Cile - note

 

 


(1) Le autorità doganali italiane possono autorizzare l'esportatore che effettua frequenti esportazioni verso il Cile a compilare, in alternativa all'EUR1., dichiarazioni su fattura per qualsiasi valore di esportazione. Le direzioni regionali doganali competenti, attribuiscono all'esportatore autorizzato un numero di autorizzazione da riportare sulla dichiarazione su fattura.

(2) Se la dichiarazione su fattura è fatta da un esportatore accreditato, in questo punto deve essere riportato il numero di autorizzazione.
In caso contrario, la dicitura tra parenesi deve essere omessa o lo spazio lasciato in bianco.

(3) L'origine dei prodotti deve essere riportata nello spazio tra le parentesi (...).
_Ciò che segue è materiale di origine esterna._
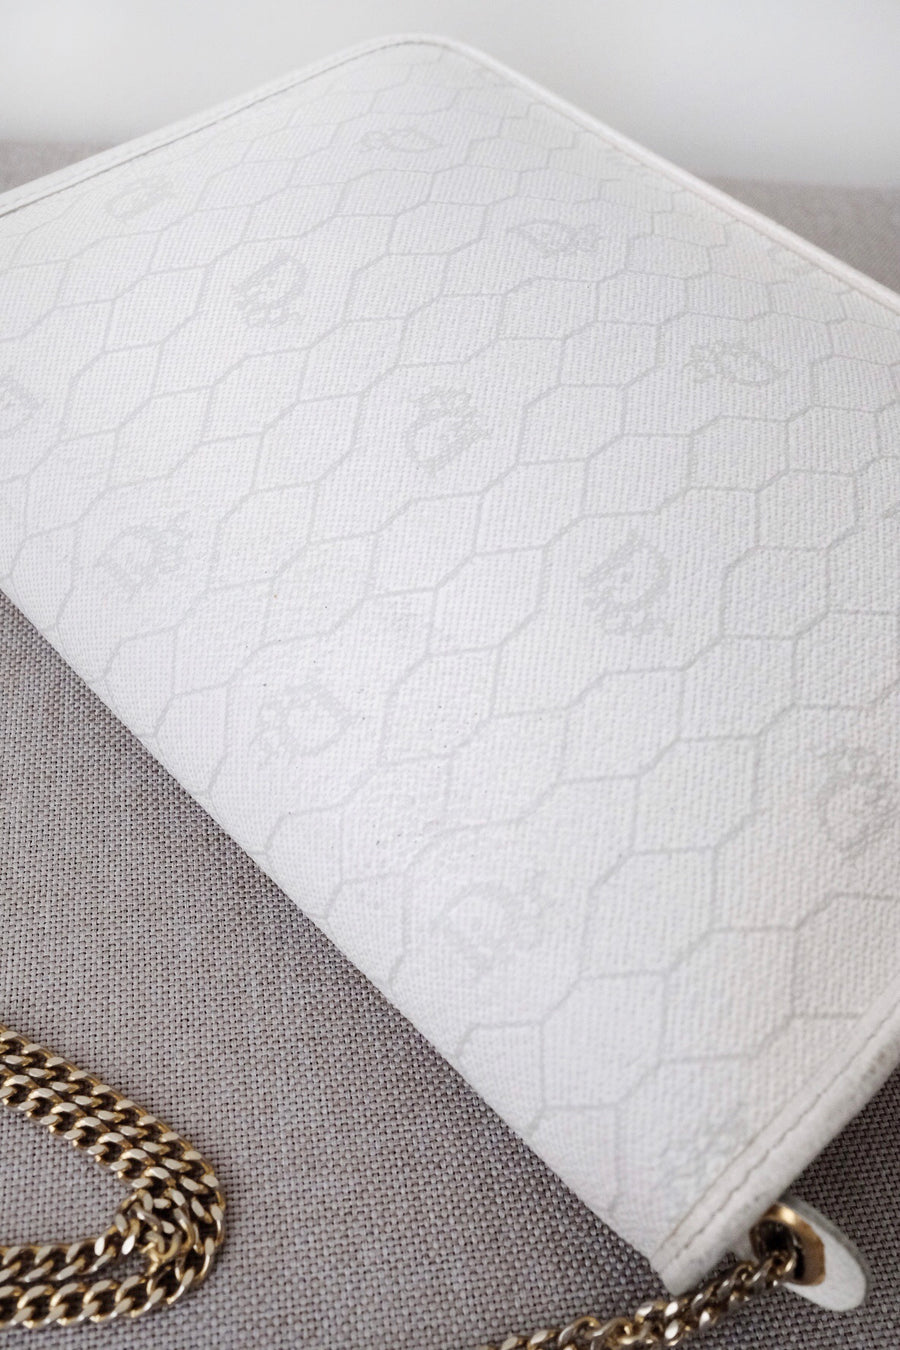 Dior vintage honeycomb pvc chain shoulder bag

Queste informazioni sono facoltative se sono riportate all'interno del documento.
 
(4) I certificati fitosanitari, sono rilasciati dal servizio fitosanitario delle Regioni di appartenenza (su richiesta dell'interessato.).
Il Servizio Sanitario Nazionale (S.S.N.) si avvale di numerosi organismi sia a livello centrale che territoriale per l'espletamento delle attività di vigilanza e controllo in materia di prodotti fitosanitari
 
(5) I certificati sanitari per le carni sono rilasciati dalle ASL di appartenenza - Servizio veterinario. Per esportare animali vivi e prodotti da loro ottenuti, alimenti e mangimi, i produttori italiani devono fornire adeguate garanzie igienico-sanitarie alle autorità dei Paesi importatori. Consultare il sito Ministero della salute
 
(6) Per i prodotti cosmetici può essere richiesto sia il certificato di libera vendita, sia l'attestato di libera vendita.
Il certificato di libera vendita va richiesto al Ministero della Salute (la richiesta va fatta alla sede centrale di Roma, 30 giorni prima della spedizione delle merci e per conoscenza all`assessorato della sanità locale - sito web: www.ministerosalute.it).
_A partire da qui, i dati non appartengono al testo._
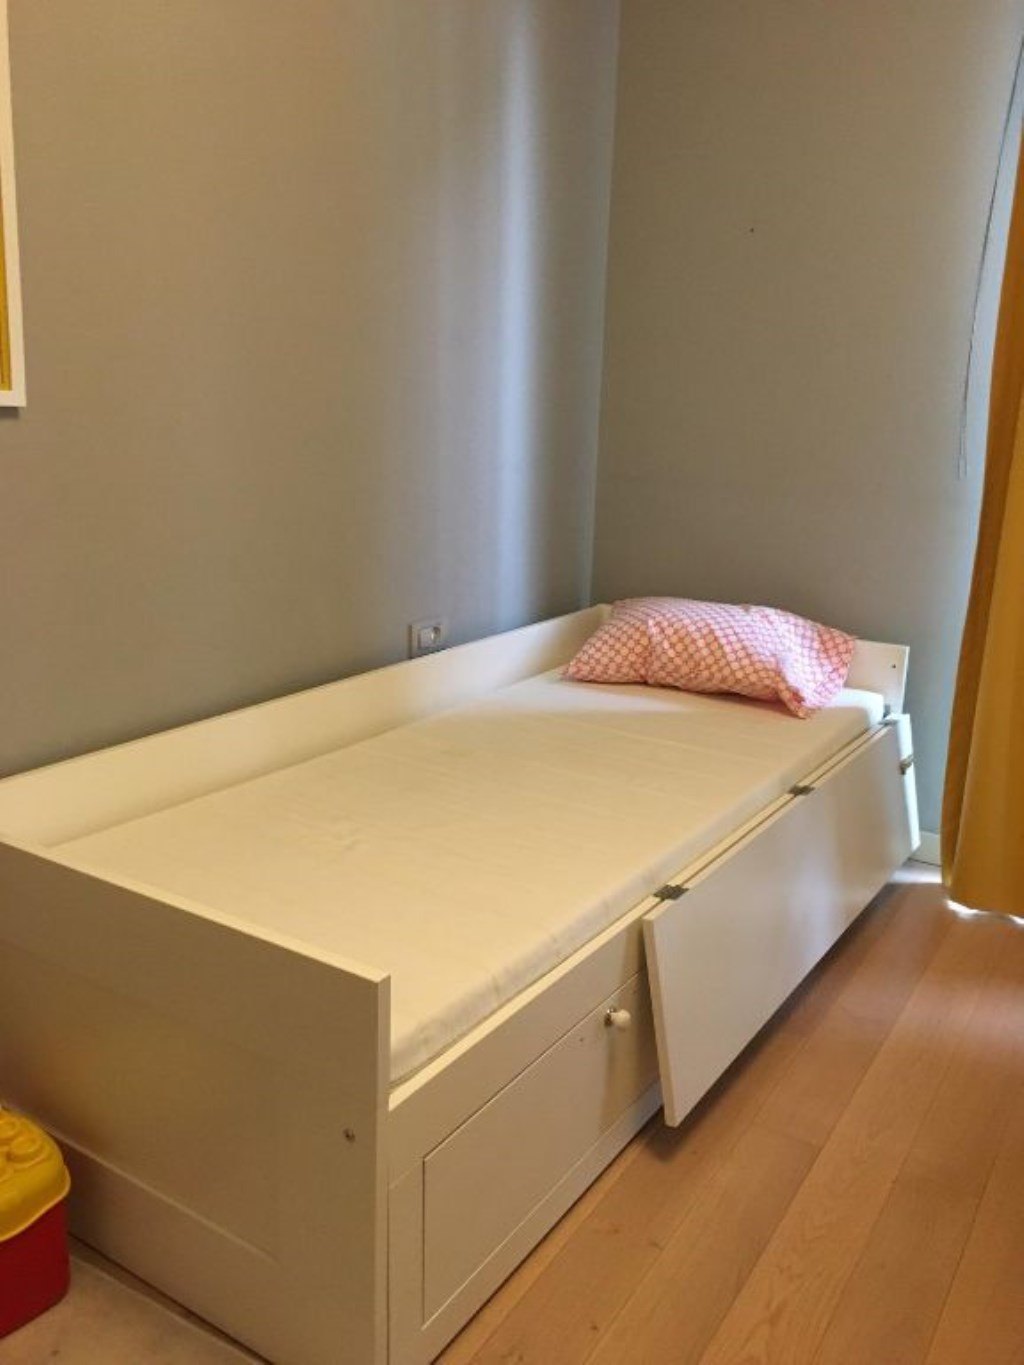 кровать бримнэс в интерьере детской

(7) L’apostille è una certificazione internazionale che convalida l’autenticità e validità della firma del pubblico ufficiale che ratifica un atto o certificato.
L’apostille è stata introdotta dalla Convenzione dell’Aia che sopprime la legalizzazione degli atti pubblici esteri, sottoscritta durante la Conferenza dell’Aia sul diritto internazionale del 5 Ottobre 1961. Il trattato definisce le modalità attraverso le quali i documenti pubblici vengano certificati affinché possano essere ritenuti validi dai vari stati firmatari.
La Convenzione prevede espressamente alcune tipologie di documenti sui quali è possibile apporre l’apostille: documenti rilasciati da autorità statale o da un funzionario dipendente da un’amministrazione dello Stato, documenti amministrativi, atti notarili, dichiarazioni ufficiali indicanti una registrazione, autenticazioni di firma apposte su un atto privato.
E’ bene specificare che, come chiarisce la stessa Convenzione dell’Aia, l’apostille certifica la firma, la qualità legale del firmatario e del sigillo o timbro riportati; l’apostille non certifica il contenuto del documento sul quale è posta.